Print the listing below exactly, images excluded.

Data below:

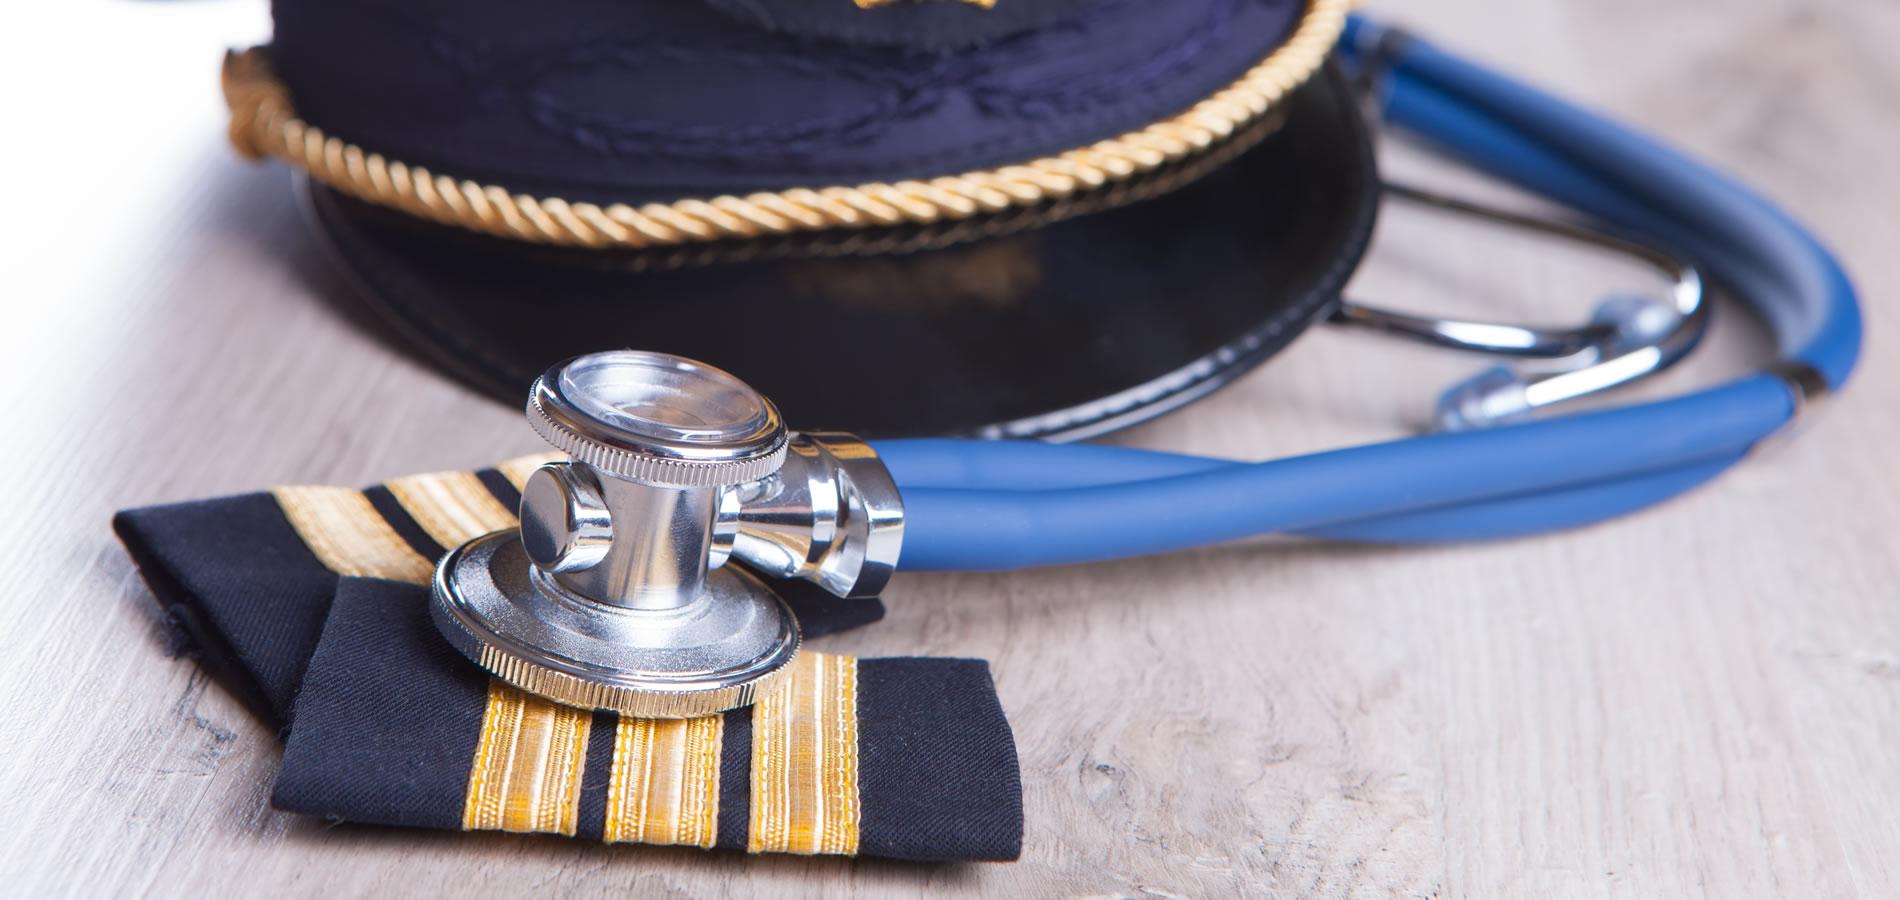 Nundah doctors
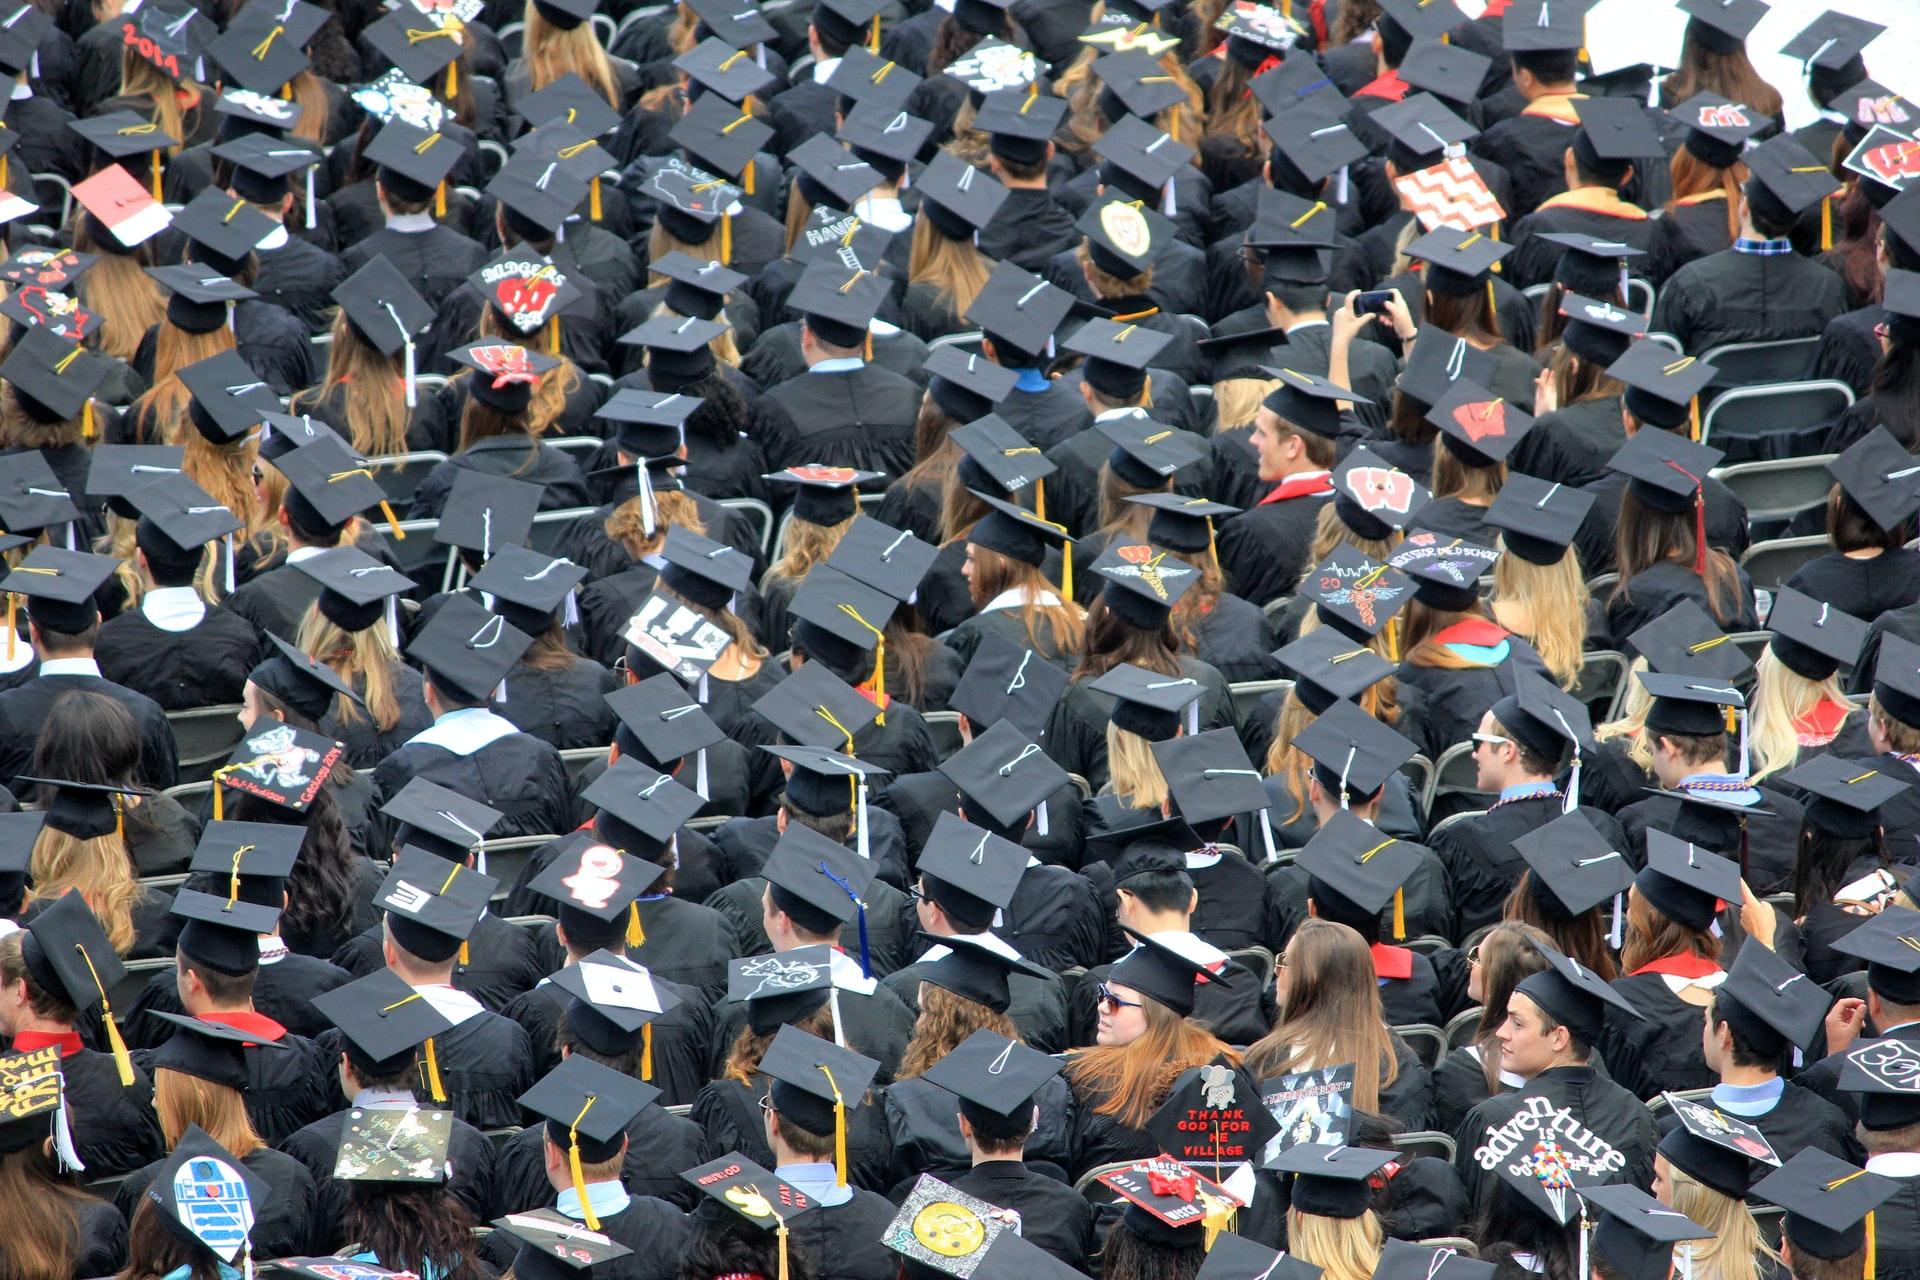 University students at their graduation ceremony.
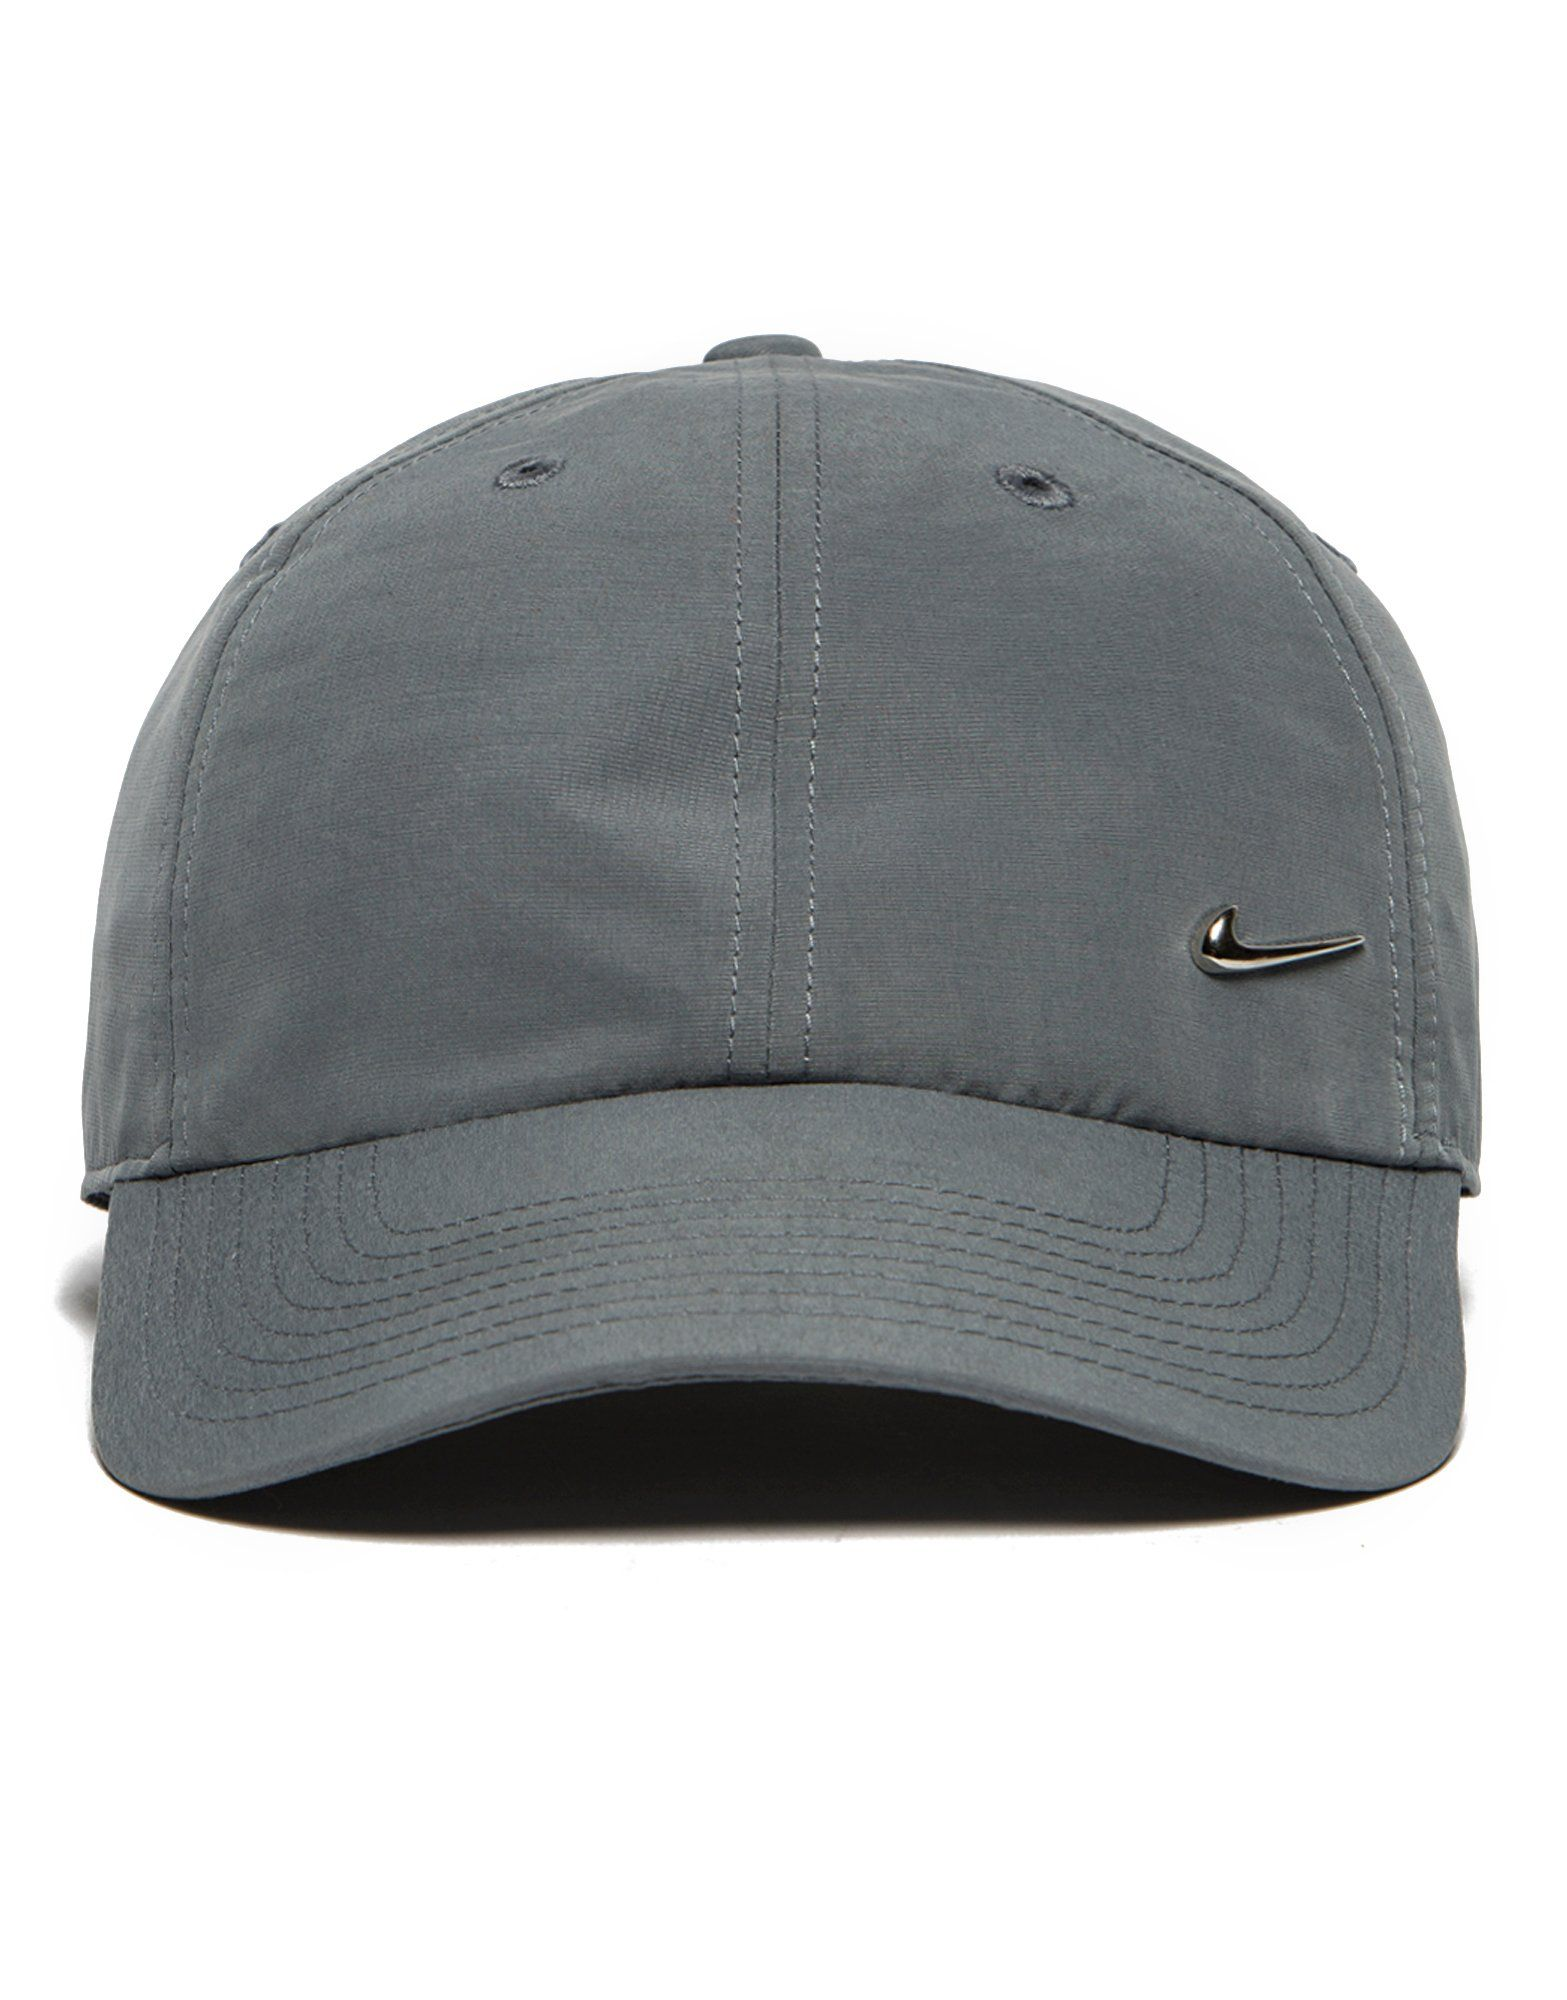 nike sb woodgrain bucket hat mens backpack gray large; nike side swoosh cap
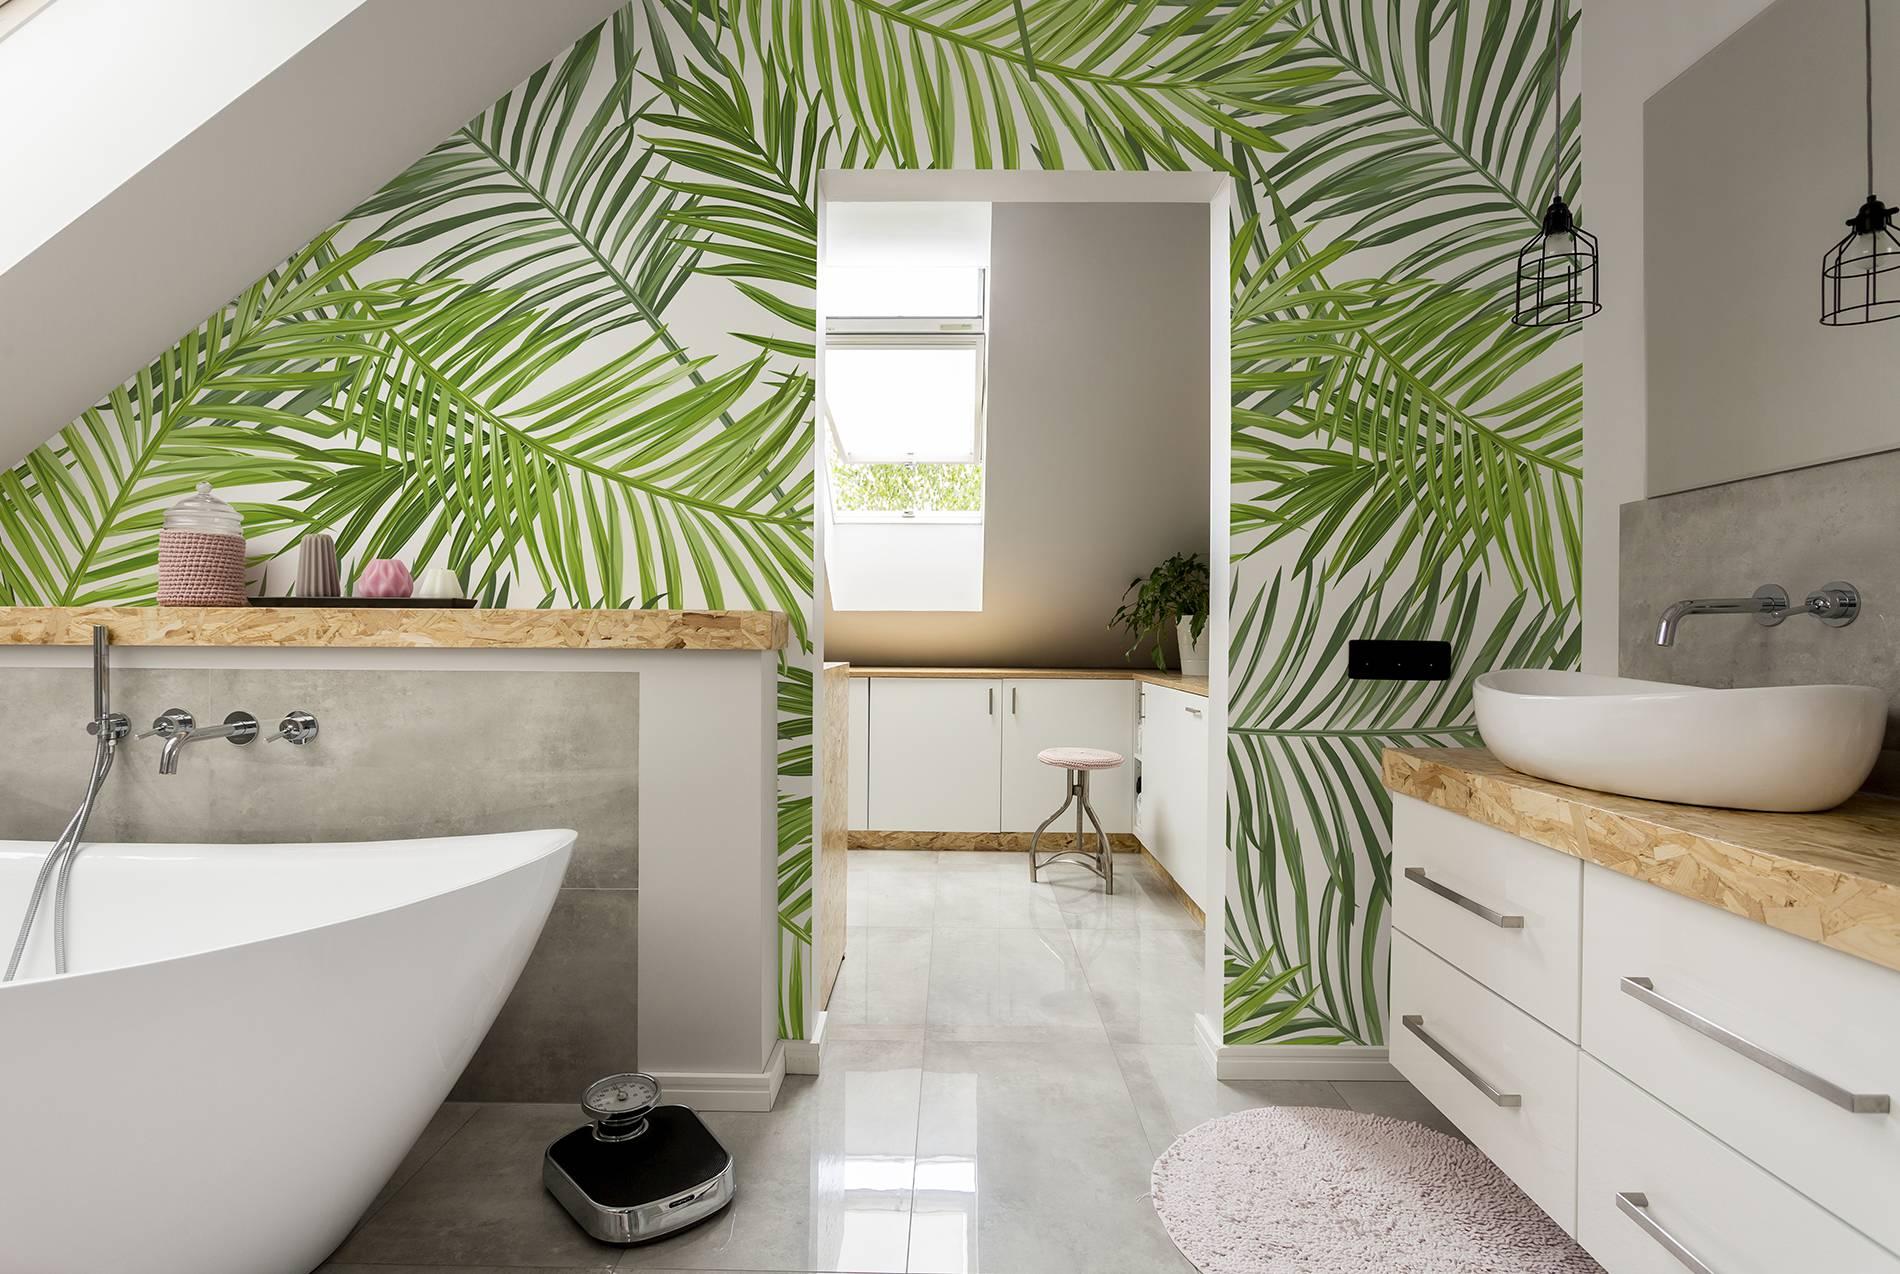 Manualidades y tendencias paredes espectaculares con pixers for Tendencias papel pintado 2017

End of Data.

▶ _Solution for this exercise_
 Nundah doctors
 University students at their graduation ceremony.
 nike sb woodgrain bucket hat mens backpack gray large; nike side swoosh cap
 Manualidades y tendencias paredes espectaculares con pixers for Tendencias papel pintado 2017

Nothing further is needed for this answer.